In addition aviation demonstrates considerable "multiplier
effects", sustaining up to three times the number of direct
jobs through the supply chain induced effects and jobs directly
relating to the tourism which air transport facilitates. In terms
of macroeconomic impact aviation was responsible for £6.6
billion of services, 11 per cent of UK service exports and three
per cent of total UK exports. The industry helped Britain's export
effort by transporting £35 billion of exports, amounting
to one fifth of all exports. The contribution to the exchequer
of this vital industry is conservatively estimated at £2.5
billion although the real contribution is thought to be far higher.
Aviation also provided about three per cent of UK business investment
As the lynchpin of the UK's rapidly growing tourism industry,
the sector sustains an estimated 200,000 jobs.
Given the economic, and social importance of the air transport
industry to Britain, we are deeply concerned about the industry
future in the light of current events. In our submission we wish
to make several key points.
1. To outline the extent of the crisis and its effects
on BALPA members and the airline within which they are employed.
2. To place the crisis in its correct context as a major
"discontinuity" in the industry's development.
3. To discuss the issue of government assistance both
here and abroad
4. To suggest some initiatives which might help alleviate
the current situation and facilitate long term restructuring.
5. To suggest some measures which might help the UK to
emerge from the current crisis in the best possible position.
2. THE CONTEXT
3. Since September 11 the UK airline industry has undergone
a well-documented period of severe financial and economic discomfort,
extending across all sectors. The entire industry has been affected,
from the largest intercontinental flag carrier to the smallest
training school, affected by the glut of commercial pilots.
4. THE IMPACT
1 FOR BREAKDOWN
5. It is important when assessing the impact of September
11 and its aftermath that we recognise the diversity of the airline
industry, addressing issues within particular sectors, rather
than viewing the industry as one entity. Throughout this difficult
time BALPA has worked constructively with the airlines concerned
to find a productive solution to the short-term problem. Whilst
ensuring that the resources for future growth were in place.
6. THE MAJOR
7. Before September 11. In truth the industry was on
the cusp of recession but was taking steps to manage that downturn.
Carriers had already taken reduced capacity, rightsizing their
workforces accordingly, and were exploring further changes. The
unions across the UK industry understood and supported this. Having
laid the foundations for recovery, the industry suffered the catastrophe
of September 11, which must be seen as a major shock and discontinuity
to the industry. There may well have been a recession but effectively
September 11 has not only exacerbated the situation it has worsened
the situation markedly. We would argue that whilst carriers may
have had plans to rationalise their operations, September 11 by
putting the industry into what is effectively a demand side depression
has made it necessary that many take action. Transatlantic yields,
which provide most of the revenue are down 60 per cent, the number
of passengers flying has fallen as uncertainty grips the US and
elsewhere. The difficulties in air transport have repercussions
for the rest of the economy.
8. The worst affected areas of the industry are those
with a direct exposure to the transatlantic market, where both
revenues and yields have plummeted. This has led to major problems
for the main scheduled carriers British Airways, Virgin Atlantic
and BMI British Midland. These carriers have varying degrees of
exposure to the transatlantic market, which is the most lucrative
premium market in the global airline industry.

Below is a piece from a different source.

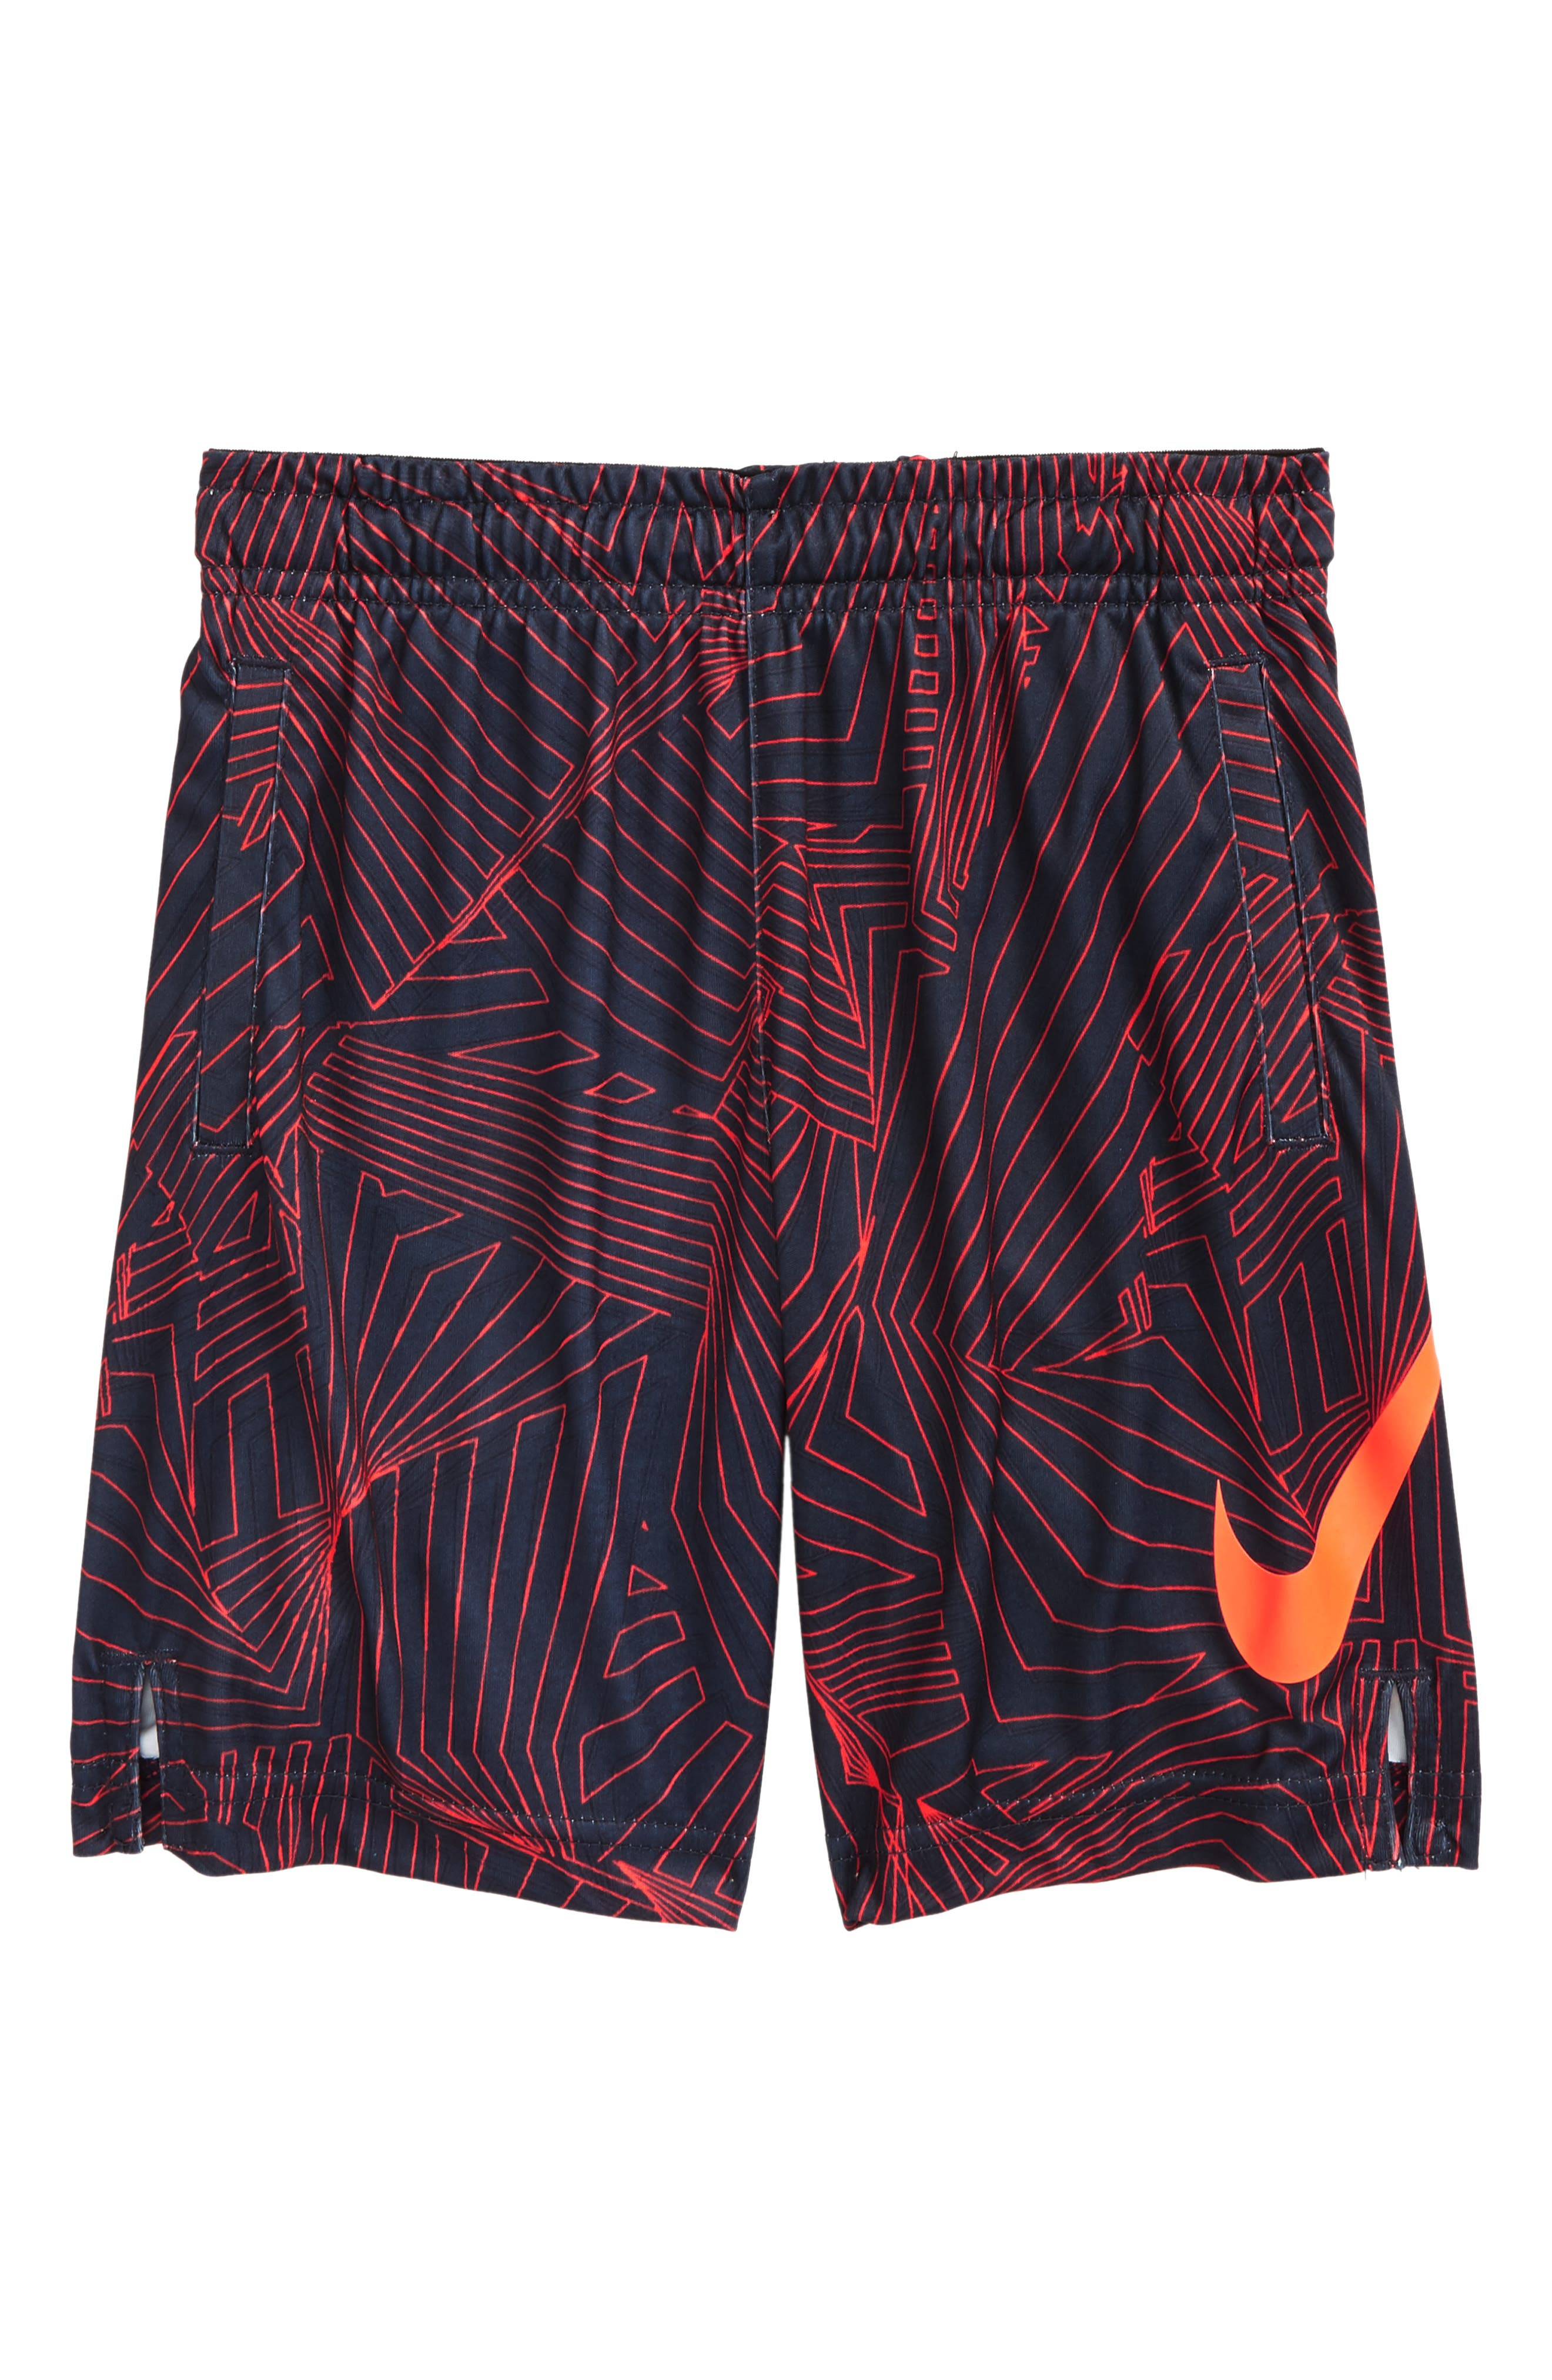 AOP Dry Shorts,                         Main,                         color, Thunder Blue

9. BA has suffered from both the US shutdown and a prolonged
fall of in revenues. Their premium business class product, revamped
to great acclaim and attracting business from other carriers was
heavily dependent upon strong transatlantic traffic. Whilst yields
had started to fall of pre September 11 as the industry faced
a predicted downturn (see below), the terrorist actions have placed
revenues from this source to a degree greater than any cyclical
economic effect. Business travel has fallen off as companies curtail
travel for security and cost reasons. In total BA's latest yield
figures show that current yields are down 25 per cent on November
10. In effect these transatlantic revenues have cross-subsidised
other aspects of the BA operation, maintaining BA's position as
the UK network carrier in the European and global airline industry.

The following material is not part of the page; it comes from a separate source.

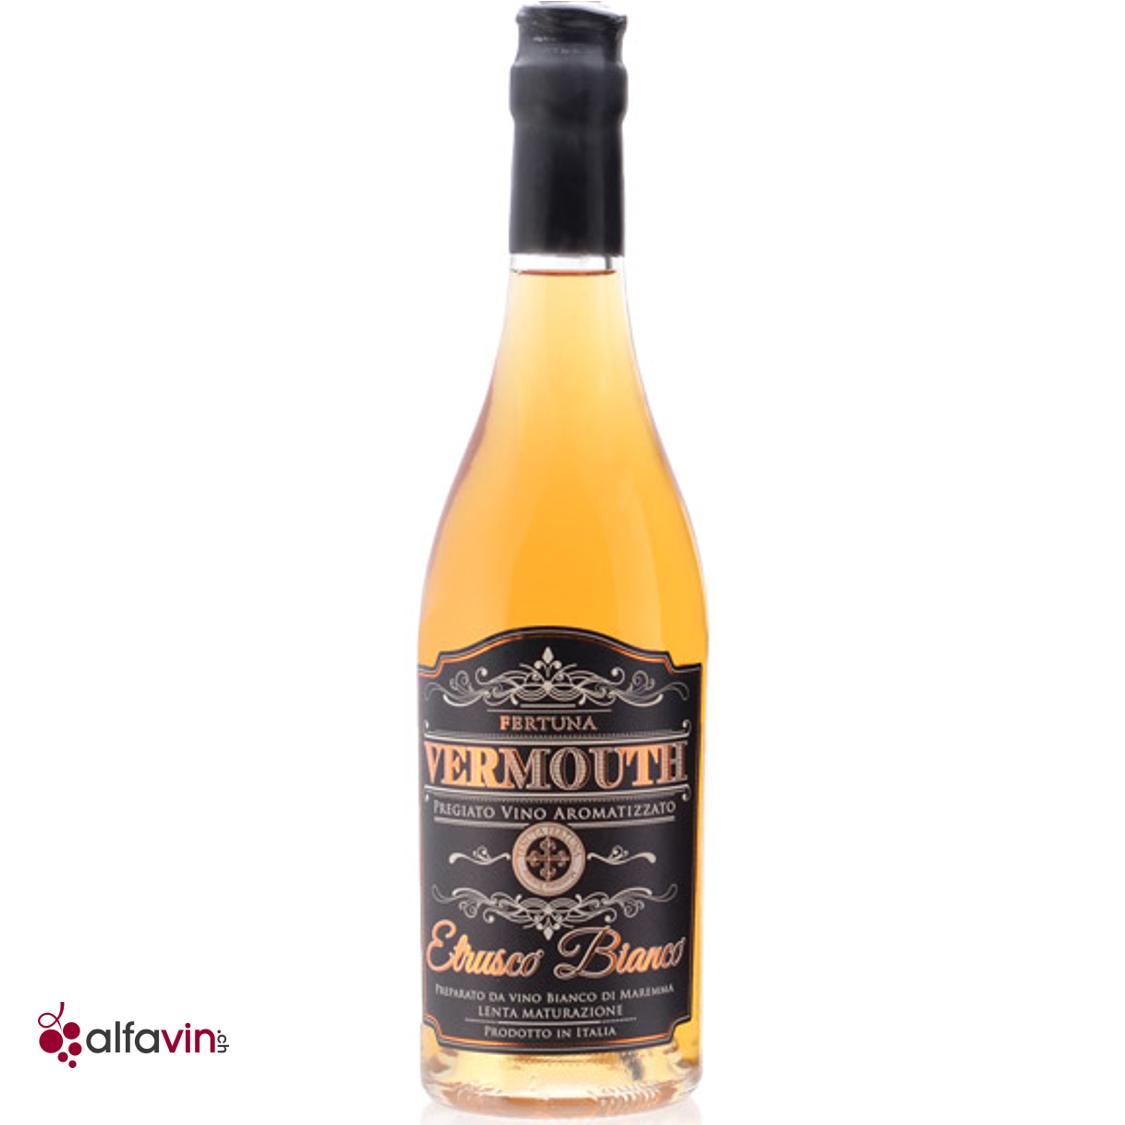 Vermouth Etrusco Bianco

These issues have prompted both major redundancies as BA strips
out capacity, and adapts to a lower yield environment, and have
also led to the early withdrawal of older 747 fleets signalling
the demise of the flight engineer, and have also required staff
pay sacrifices in respect of a deferred pay claim and Christmas
bonus payment. The airline has also been forced to re-appraise
the future "size and shape" although detailed proposals
have yet to be advanced.
11. Virgin Atlantic also suffered from the loss in transatlantic
revenues where the effects were arguably more concentrated given
the carrier's exposure to long haul traffic, and to a US/Caribbean
focused leisure business. Virgin was also harmed by the fact that
its traffic mix is exclusively international save for some abandoned
feeder routes and as such has been affected in every international
market. As the UK's second Transatlantic carrier with a large
exposure in terms of both services and revenues Virgin was forced
to take immediate action. This meant that retirement of all remaining
older 747 classic aircraft which in addition to BA withdrawals
has effectively ended the requirement for flight engineers certainly
in the UK. These withdrawals also affected a large number of pilots,
many of whom were made redundant. The carrier also terminated
its A320 operation servicing the UK from Athens causing further
job losses. BALPA negotiated a restructuring package with the
company to facilitate fair redundancy but we were still left with
152 job losses. In addition to job losses the redundancy process
has brought reductions in pay through demotion for those losing
command positions. This is usually the case where compulsory redundancies
12. bmi British Midland was also affected by transatlantic
exposure, primarily because such services were the basis of planned
expansion. The carrier also suffered falling revenues and yields.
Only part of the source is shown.